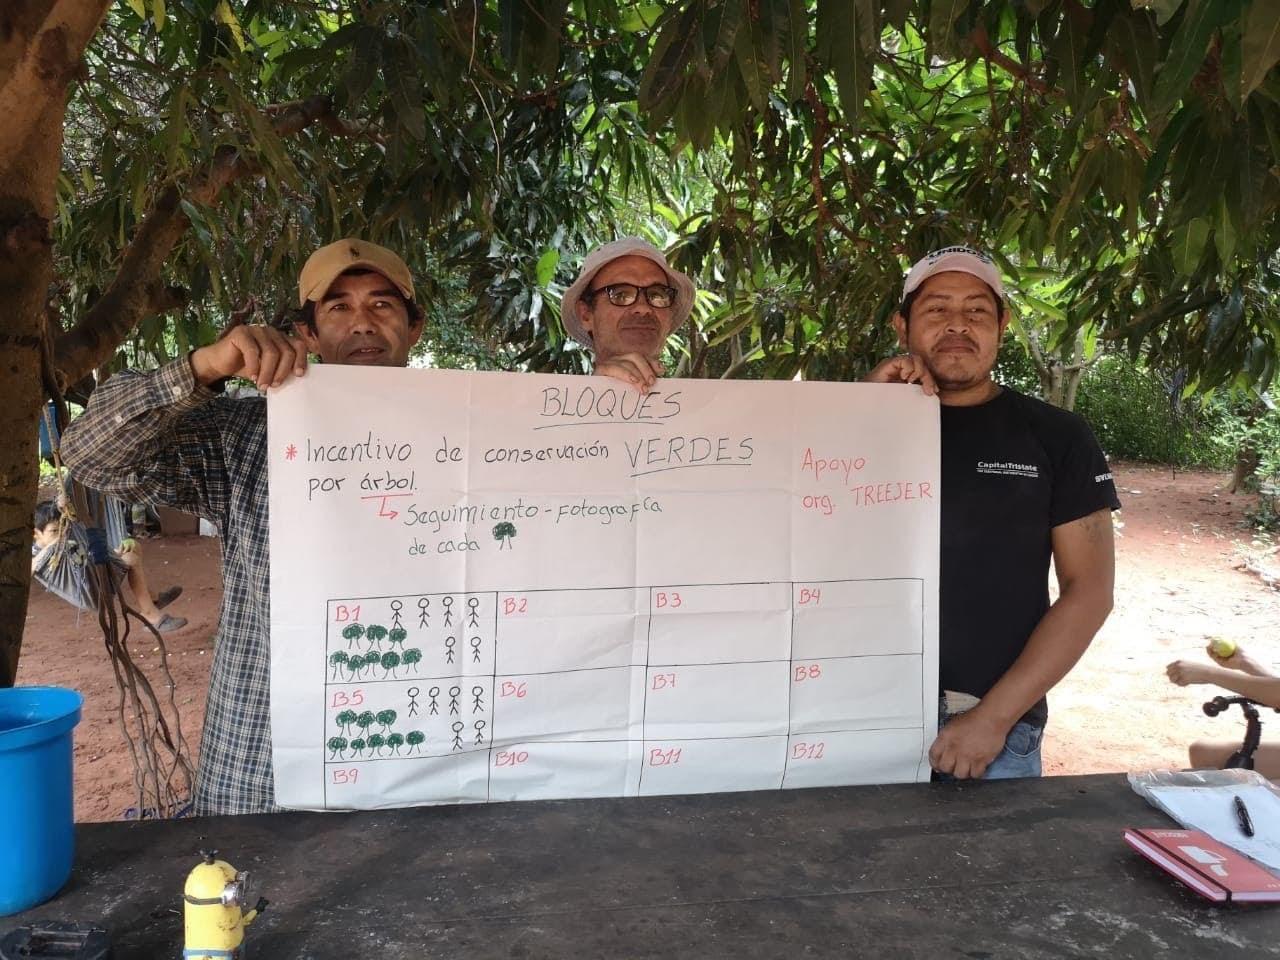 Treejer team
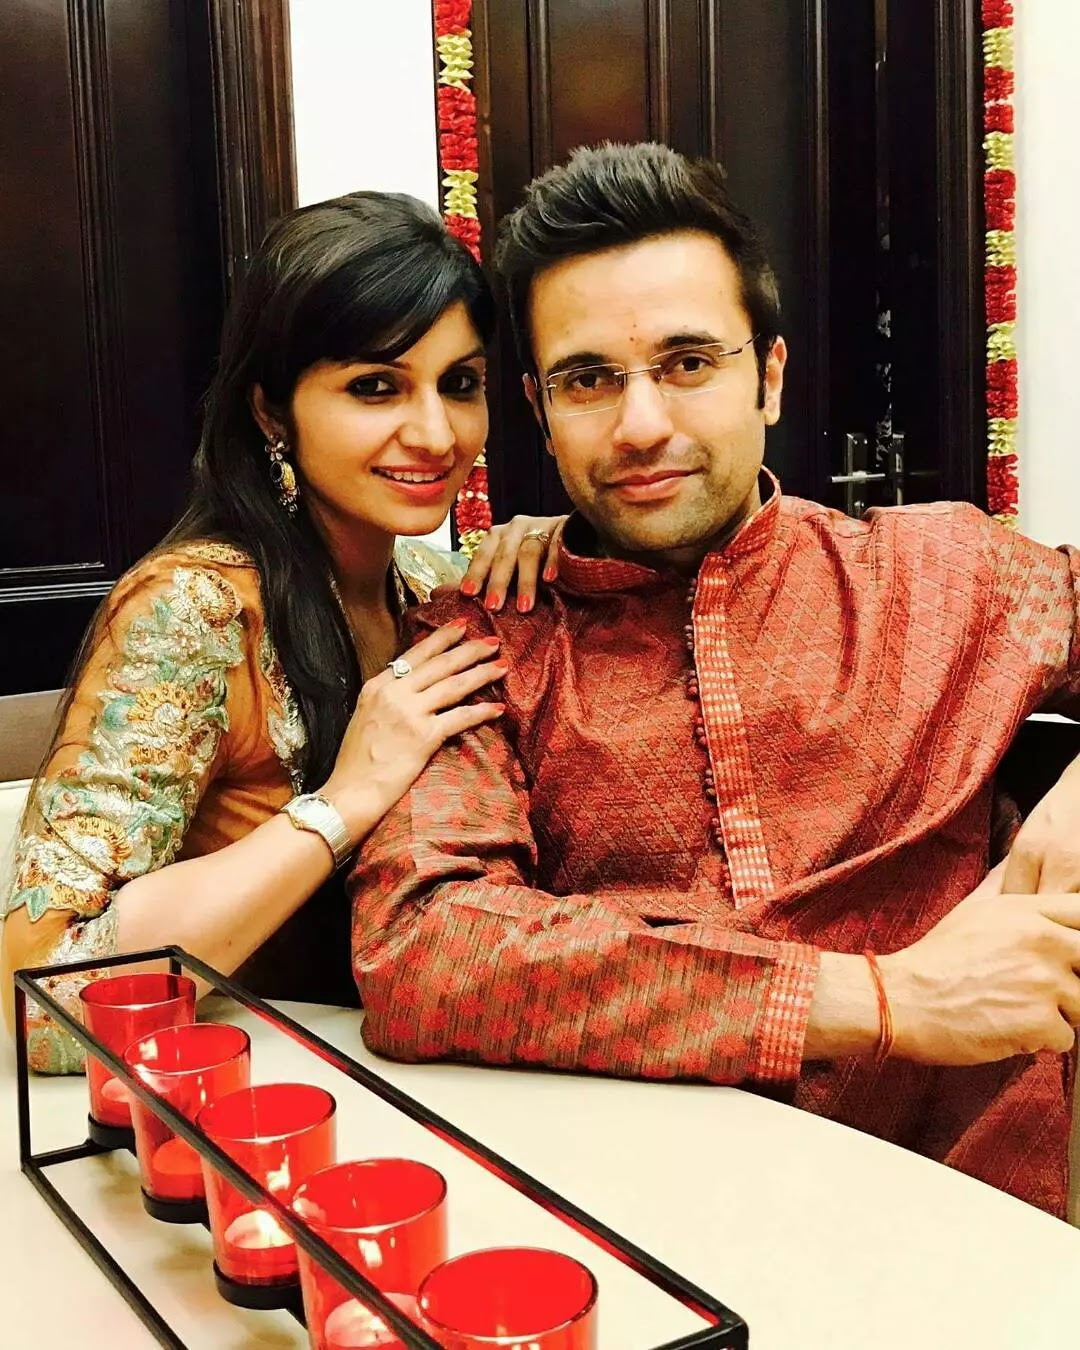 Sandeep Maheshwari with neha
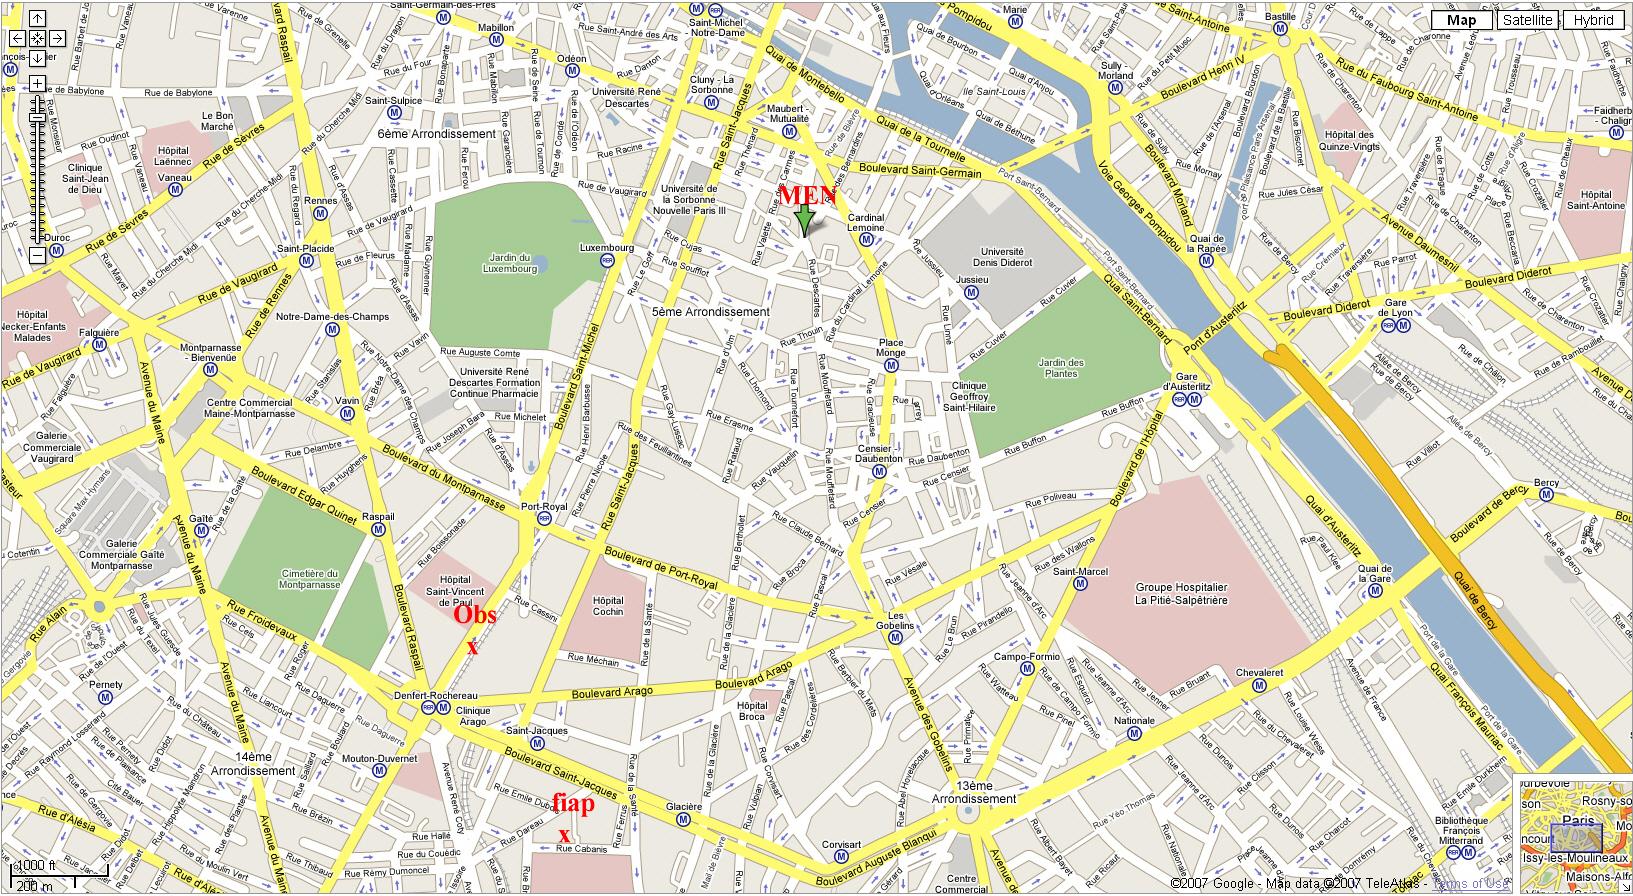 Printable Street Map Of Paris Download Printable Paris Street Map - Printable Map Of Paris France
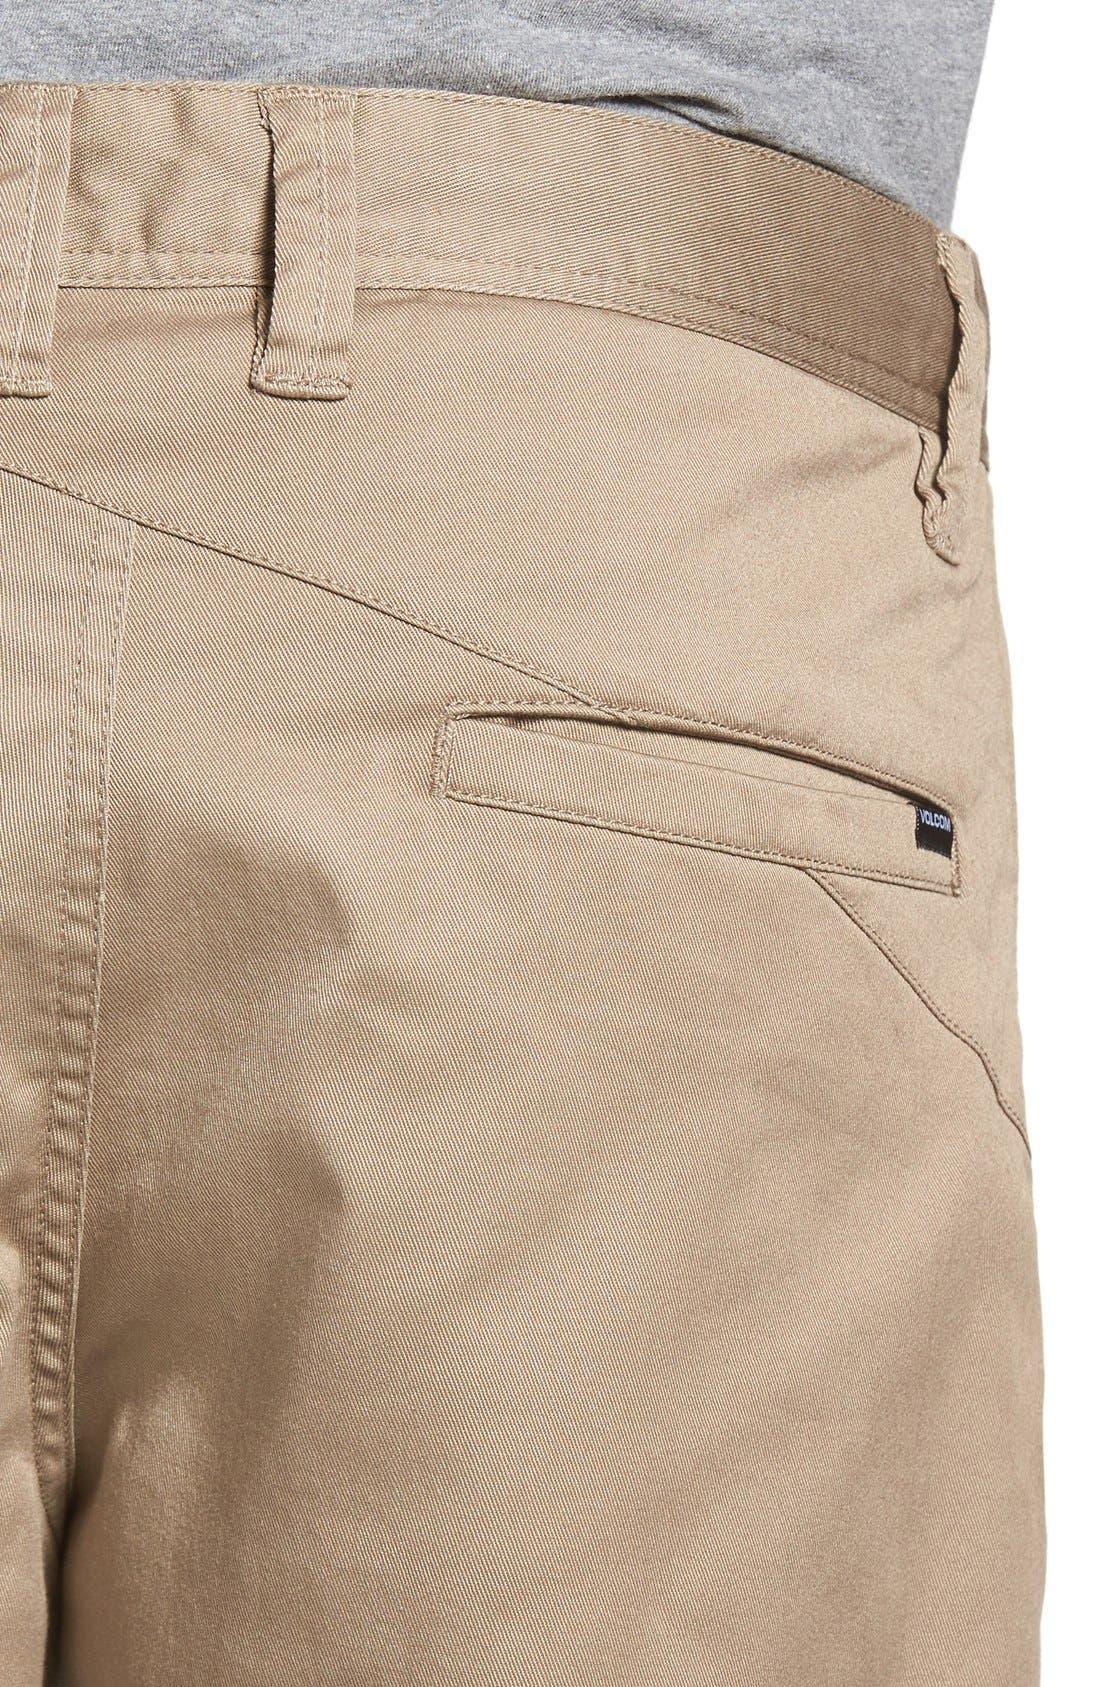 'Modern' Stretch Chino Shorts,                             Alternate thumbnail 61, color,
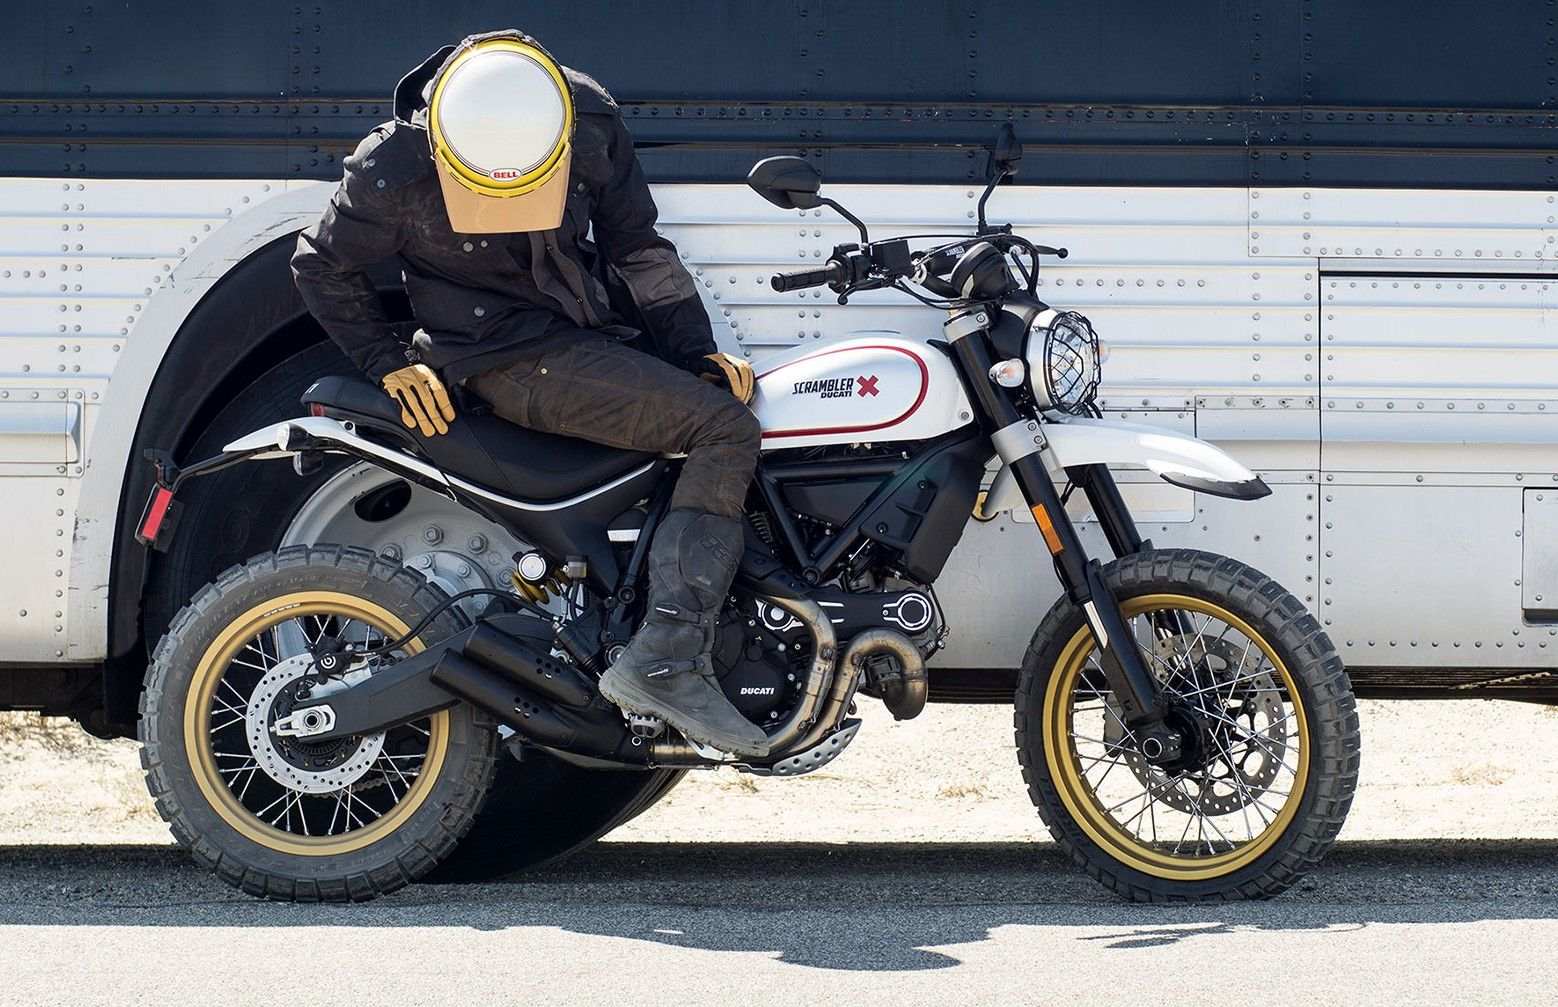 Ducati Scrambler Desert Sled launch

Work request: Please retype, exactly and only, the lines from the one holding "Sandeep Maheshwari with neha" to the end of the entries, both ends included, without any pictures.

Written solution:
 Sandeep Maheshwari with neha
 Printable Street Map Of Paris Download Printable Paris Street Map - Printable Map Of Paris France
 'Modern' Stretch Chino Shorts,                             Alternate thumbnail 61, color,
 Ducati Scrambler Desert Sled launch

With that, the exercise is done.